В конце концов, единственная причина жизни или истории есть “Что Было Дальше?”

13

В их квартире внизу стоял кавардак. Ирвин с Саймоном спали на двуспальной кровати в единственной спальне. Лазарь спал на худенькой тахте в гостиной (по своему обычаю, под одной только белой простыней натянутой на голову и полностью закутанный в нее как мумия), а Рафаэль на другом конце комнаты на коротком топчане, свернувшись клубком не снимая одежды как печальная кучка с чувством собственного достоинства.

А кухня была вся уже замусорена манго, бананами, апельсинами, нутом, яблоками, капустой и кастрюльками купленными нами вчера на рынках Мехико.

Я всегда сидел там с пивом в руке наблюдая за ними. Стоило мне свернуть косяк как они все выкуривали его, хоть и без единого слова.

“Хочу ростбиф!” завопил Рафаэль проснувшись на своем топчане. “Где тут водится мясо? Что во всей Мексике мясо вымерло?”

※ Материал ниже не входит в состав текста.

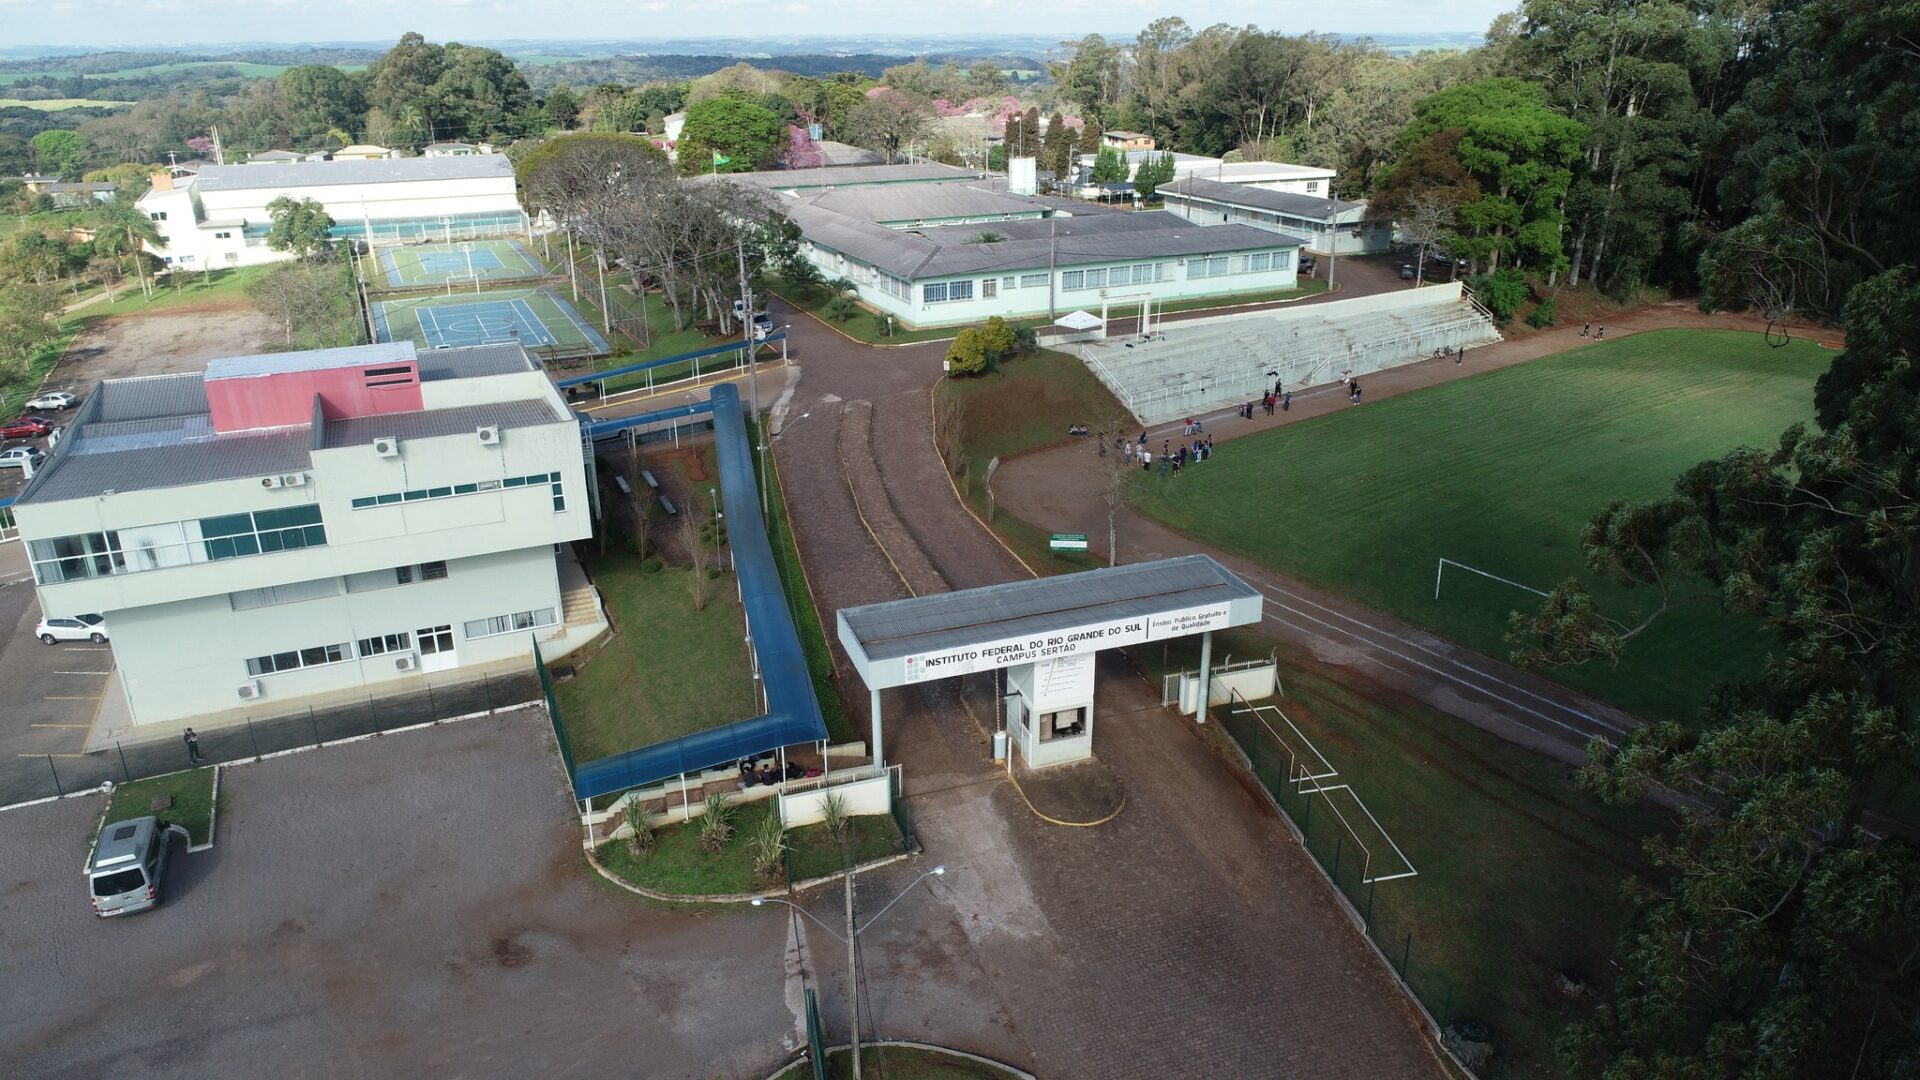 Destaque para o município de localização do IFRS Campus Sertão (de

“Сначала мы едем в университет!”

“Сначала я хочу мяса! Я хочу чеснока!”

“Рафаэль,” ору я, “когда вернемся из ирвиного университета я отведу тебя к Куку где ты сможешь съесть гигантский бифштекс на косточке а кости швырнуть через плечо как Александр Великий!”

“Я хочу банан,” говорит Лазарь.

“Ты же их вчера вечером все сожрал, маньяк,” отвечает брату Саймон, тем не менее аккуратно заправляя ему постель и подтыкая простыню.

“Ах, очаровательно,” говорит Ирвин выныривая из спальни с тетрадкой Рафаэля. Он зачитывает вслух: “”Кипа огня, стог вселенной делает рывок к броскому искоренению Жуликоватых чернил?” Ух ты, как это здорово — вы осознаете как это тонко? Вселенная в огне, и большой жулик вроде мелвилловского мошенника пишет ее историю на легковоспламеняющейся марле или типа нее но помимо всего прочего самоуничтожающимися чернилами, здоровенный прикол надувший всех, как маги творящие миры которые потом сами исчезают.”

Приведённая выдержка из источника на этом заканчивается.